Тема «Веер» заключалась в получении исходных данных для разработки требований по созданию пультов управления для ходовых мостиков судов и выработки рекомендаций по проектированию рабочих мест судоводителей. Такими исходными данными должны были стать характеристики структуры деятельности судоводителя на морской вахте. Как ни странно, несмотря на обилие уставов, инструкций и других документов, устанавливающих требования к деятельности штурманов и капитанов, реальные характеристики деятельности совершенно не были изучены. Иначе говоря, было хорошо известно, как надо (или как не надо) действовать, но о том, как деятельность осуществлялась на самом деле, существовало смутное представление.

Отведенная нам часть темы, носившая кодовое название «Веер-5», сплотила коллектив кафедры. Она привлекала тем, что это была не надуманная в угоду чьим-то узким научным интересам, а живая, востребованная производством работа. Участие в этом исследовании повышало научный потенциал кафедры и укрепляло ее престиж по отношению к другим кафедрам, промышлявшим мелкотемьем или вообще не ведущим научно-исследовательской работы. И, наконец, работа по хозяйственному договору давала ее исполнителям дополнительную оплату труда, а кафедре в целом – относительную свободу действий в приобретении научного и учебного оборудования и направлении своих сотрудников в командировки, на что выбивать средства из скудного финансирования по госбюджету бывало очень трудно.

В первую командировку отправились мы с Аркадием Николаевичем. БМРТ – большой морозильный рыболовный траулер по имени «Находка» вышел из порта Находка и направился в Тихий океан, в промысловый район, носивший название «Гавайские острова». Район назывался так не потому, что он был близок к Гавайям, а потому, что, хотя от него и отделяла, пожалуй, добрая тысяча миль, но ближе все равно никакой другой земли не было. Погоды в этом районе были далеки от того, как обычно мы представляем себе ласковый и мягкий климат Гавайских островов; вместо этого холод, туман, частые штормы.

Объектом промысла в нашем районе была неведомая ранее рыба пристипома. Она образовывала мощные промысловые скопления на макушках подводных гор, на самых пиках, и судоводители должны были проводить под водой трал так, чтобы «срезать» косяк с вершины пика, не задев за каменные выступы. Это удавалось далеко не всегда, чуть поднимешь трал, и он пройдет над рыбным скоплением, а чуть опустишь больше нужного – и произойдет «зацеп», по научному почему-то называемый задёвом. А сняться с зацепа, произошедшего на глубине нескольких сот метров, дело непростое. Нередко трал вползал на палубу, разодранный в клочья, и команде добытчиков приходилось заделывать огромные дыры в сетном полотне. А бывало и так, что поднять удавалось только ваера – стальные тросы, за которые буксируется трал, да разбитые вдребезги траловые доски, обеспечивающие горизонтальное раскрытие широкой пасти огромного трала.

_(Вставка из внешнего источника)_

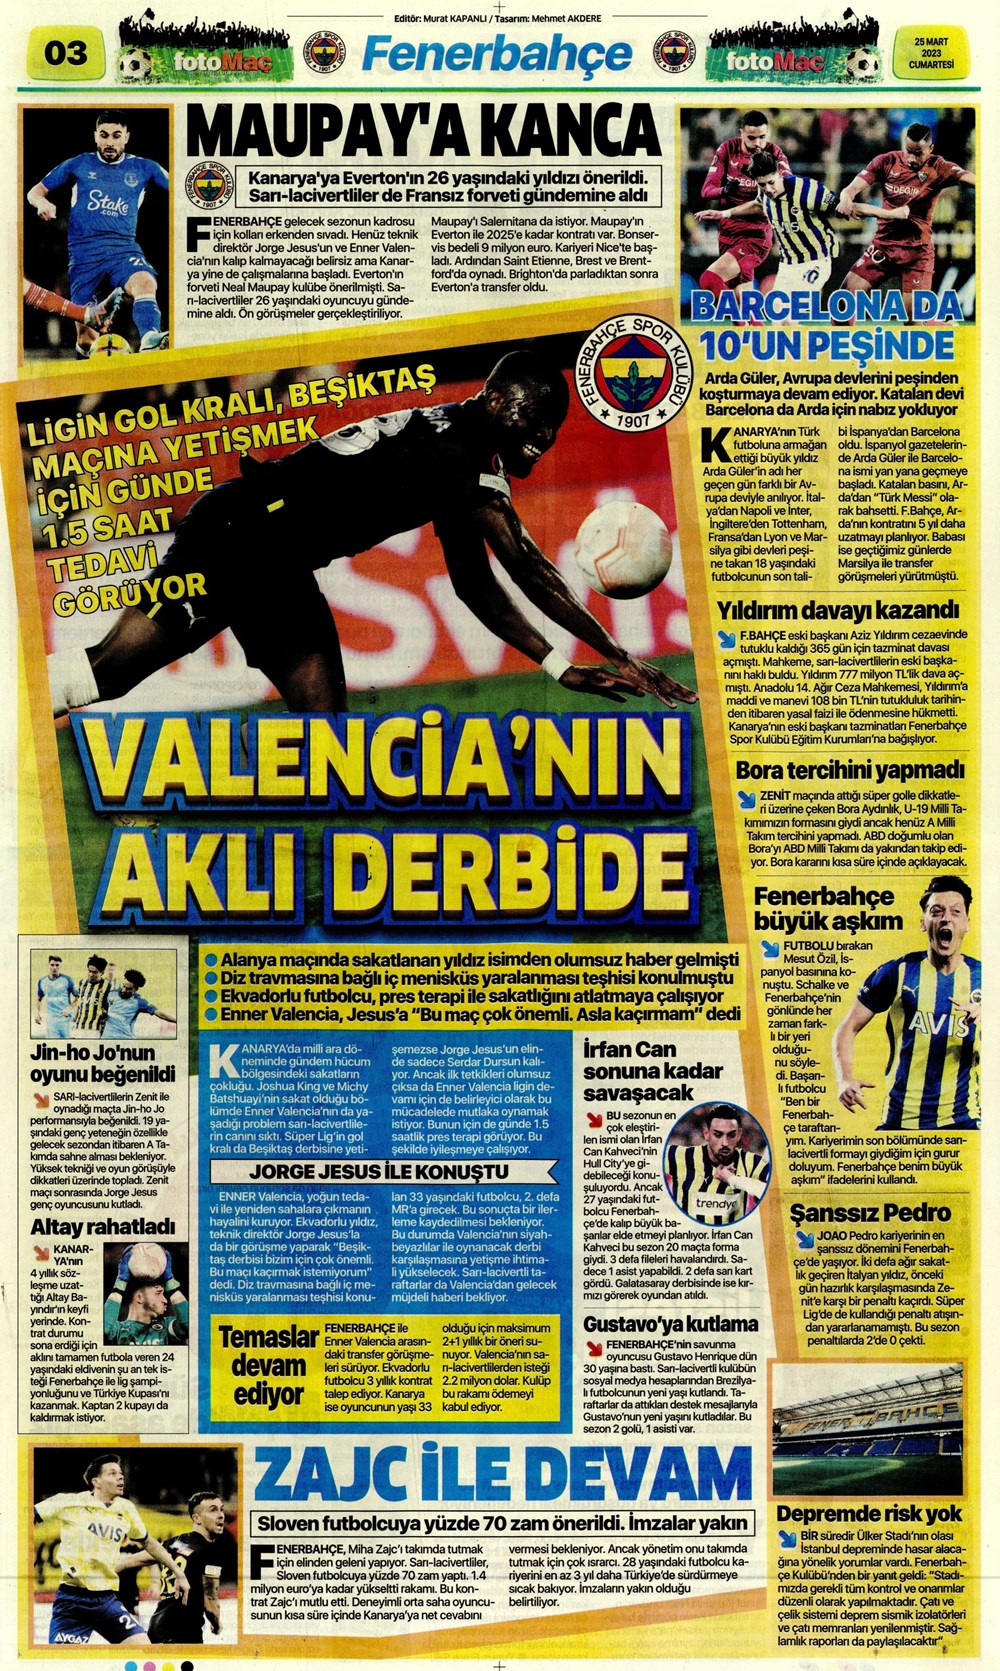 "Yeni bir başlangıç" - Sporun manşetleri - 11. Foto

Второй помощник капитана и сам капитан «Находки» всего лет семь – восемь назад учились у меня в Дальневосточном мореходном училище (капитан, правда, заочно). Не без сентиментальности я смотрел на их уверенную, грамотную работу, теша себя мыслью, что в нее влита капелька и моего труда.

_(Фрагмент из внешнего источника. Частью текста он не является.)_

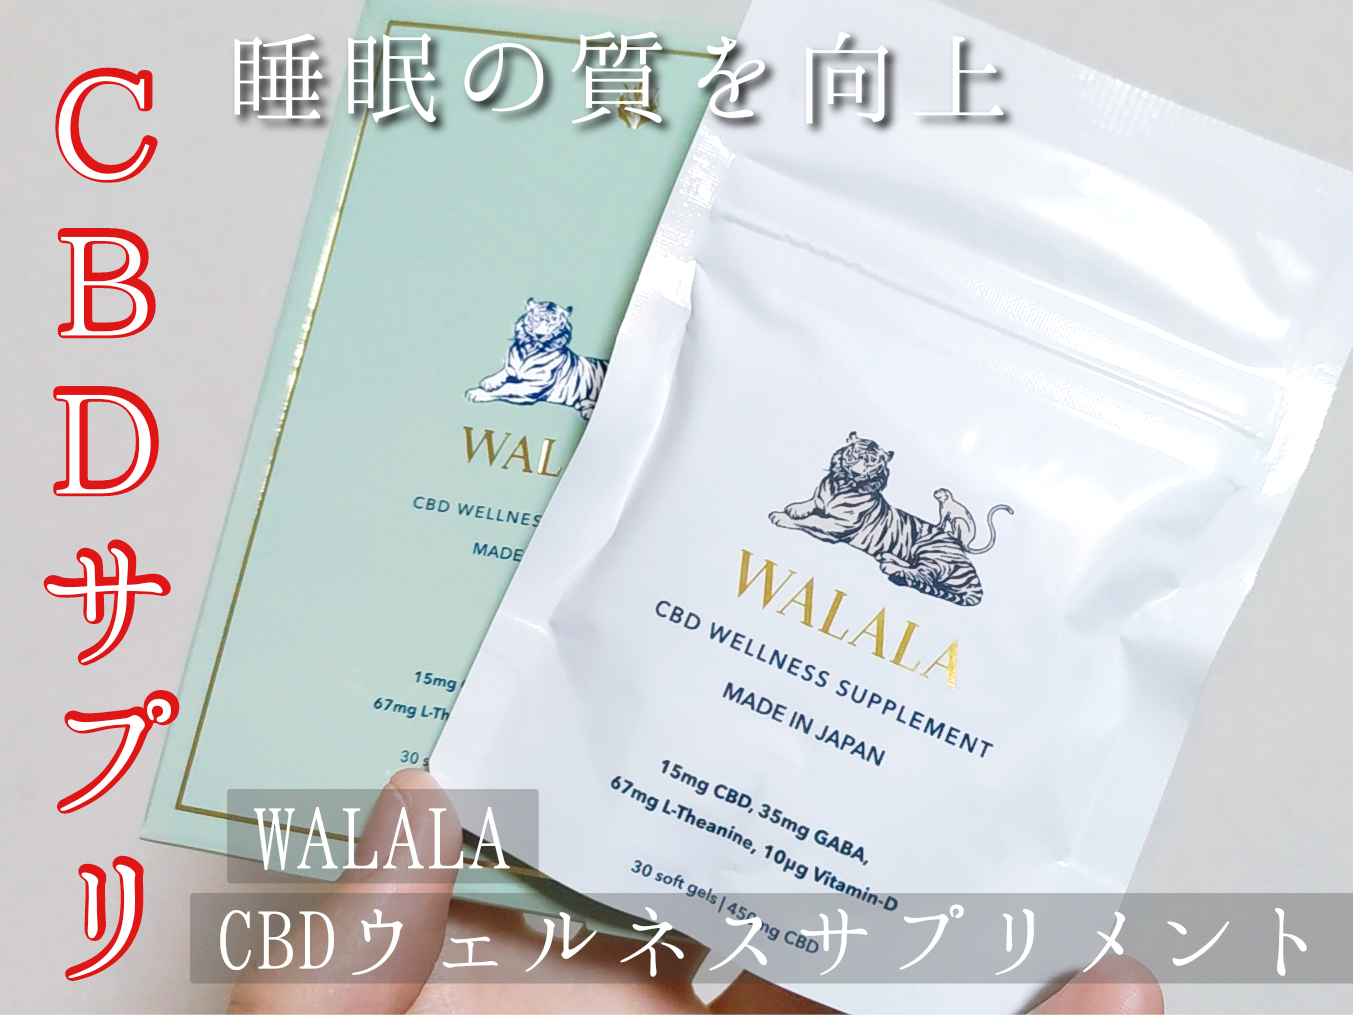 WALALA(ワララ) CBD ウェルネスサプリメントに関する優亜さんの口コミ画像1

Мы с Аркадием Николаевичем сфотографировали все переборки ходовой рубки, нанесли на схемы многочисленные выключатели, переключатели, приборы связи, звуковой и визуальной сигнализации. Наверное, мы были первыми, кто подсчитал общее число индикаторов в рубке. Их оказалось многое множество – более трехсот. Попытались выяснить назначение каждого тумблера, что было вовсе непростым делом: назначения некоторых из них никто из штурманов не знал, и пришлось это устанавливать, так сказать, опытным путем. Определили рабочие зоны ходового мостика, в которых находится судоводитель во время выполнения различных производственных операций, и методом самохронометража установили средние значения времени, необходимого для перехода из одной зоны в другую.

Основную часть нашей с Аркадием Николаевичем работы составлял непрерывный хронометраж работы вахтенного помощника капитана в течение всей четырехчасовой вахты в характерных производственных ситуациях. Мы фиксировали частоту операций и затрачиваемое на их выполнение время, интенсивность использования различных приборов, а также последовательность обращений к ним.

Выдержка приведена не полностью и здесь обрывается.